The Kingdom of Saudi Arabia is acknowledged for elevated levels of gender disparity. This gender segregation and severity on women is documented properly even if not widely publicized. Oppression against women of Saudi Arabia is evident in the following:

·       Women must wear the Islamic headscarf (Hijab) in full. Only the eyes and hands should be visible.

·       The rule of sex segregation is strictly enforced in public places, offices and eating places. High-quality facilities are reserved only for men.

·       Women can only travel if accompanied by male relatives. It is only in this country that females are prohibited to drive vehicles.

·       Women can be lashed and jailed for committing adultery or becoming victims of gang rape.

·       Female students are deprived of educational opportunities like studying law and engineering even if the literacy level of women is higher than men.

This is a bleak scenario especially from the point of view of Westerners. It highlights that Saudi Arabia espouses a social system where men dominate and prevent women from getting equal opportunities that men are given.

While Saudi Arabia has a high GDP (#56 in the world), it is down to #135 in terms of the Gender Equality Index.  It has a long way to go for improvement unless the government eliminates its practice of gender apartheid.



Kuwait already declared its commitment to put into action the UN Beijing Declaration and Platform for Action as a means of achieving gender impartiality, protecting women and fortifying their rights. It also seeks to do away with all forms of discrimination against the female gender.


Just recently the Kuwait News Agency reported that Third Secretary Kuna Sultan Al Aradah, a member of the social, humanitarian, and cultural committee, conveyed the Kuwaiti government’s statement during a speech for the Kuwaiti Permanent Mission to the United Nations. Kuwait is eager to contribute financially and spiritually to support activities of the United Nations Entity for Gender Equality and the Empowerment of Women. This comes from the belief in the essence of women empowerment as well as improvement of their civil, social, political and economic rights.
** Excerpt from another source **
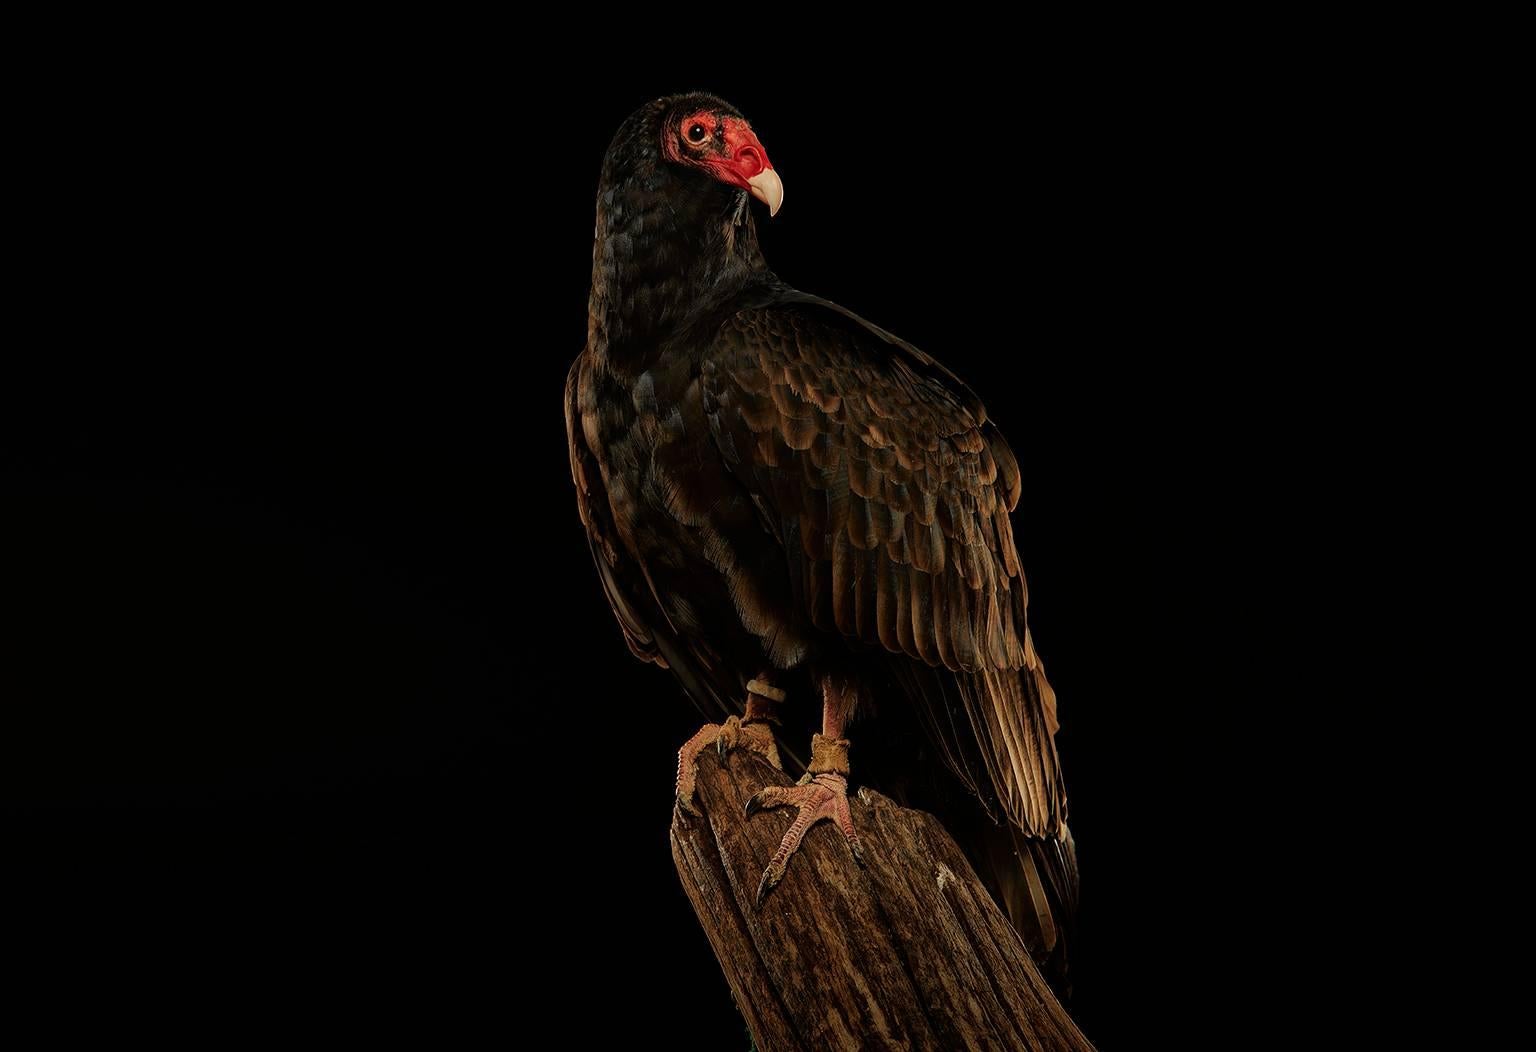 Chris Gordaneer Portrait Photograph - Birds of Prey Turkey Vulture No.8

This is a positive reception of the role of UN Women in controlling gender equality issues, protection of women’s rights and bolstering international collaboration.


On the national scale, Kuwait made efforts to strengthen women empowerment by sustaining their political rights in voting and supporting their roles in areas of decision-making. Accomplishments in empowerment include laws relating to crime punishment and equal pay for women performing the same work as men.



Just like most Gulf and African nations, Qatar had a very low score in the Gender Gap Index according to data provided by the World Economic Forum. Qatar had a very good performance when it comes to providing equal educational prospects for women. However, the gap in compensation between men and women is quite large.  Women in this country have the right to run for office and vote. Qatar is the first country in the Gulf to give all citizens the right of suffrage.


Qatari women have embarked on meaningful legal and social progress since the nineties. Sheika Mozah or Mozah bint Nasser Al Missned, daughter of Nasser bin Abdullah Al Missned is one of the three wives of Sheikh Hamad bin Khalifa Al Thani, former Emir of Qatar. She has been a staunch proponent of women’s consultations, opportunities for advanced education and creation of cabinet-level position in the Kuwaiti government that deals with women’s concerns.



Bahrain holds the distinction as the only Arab-Muslim country to have one of its women-citizens as president of the United Nations General Assembly. It has a higher ranking in terms of equality between men and women. Moreover, Bahrain’s women progressed well in health and education. They did better than their male counterparts in secondary and higher education but scored poorly with respect to political participation. This happened despite the election of Bahrain's first female deputy to the Lower House of Parliament.

These conditions in the top six nations of the Middle East prove that gender equality needs a lot of modification and improvement.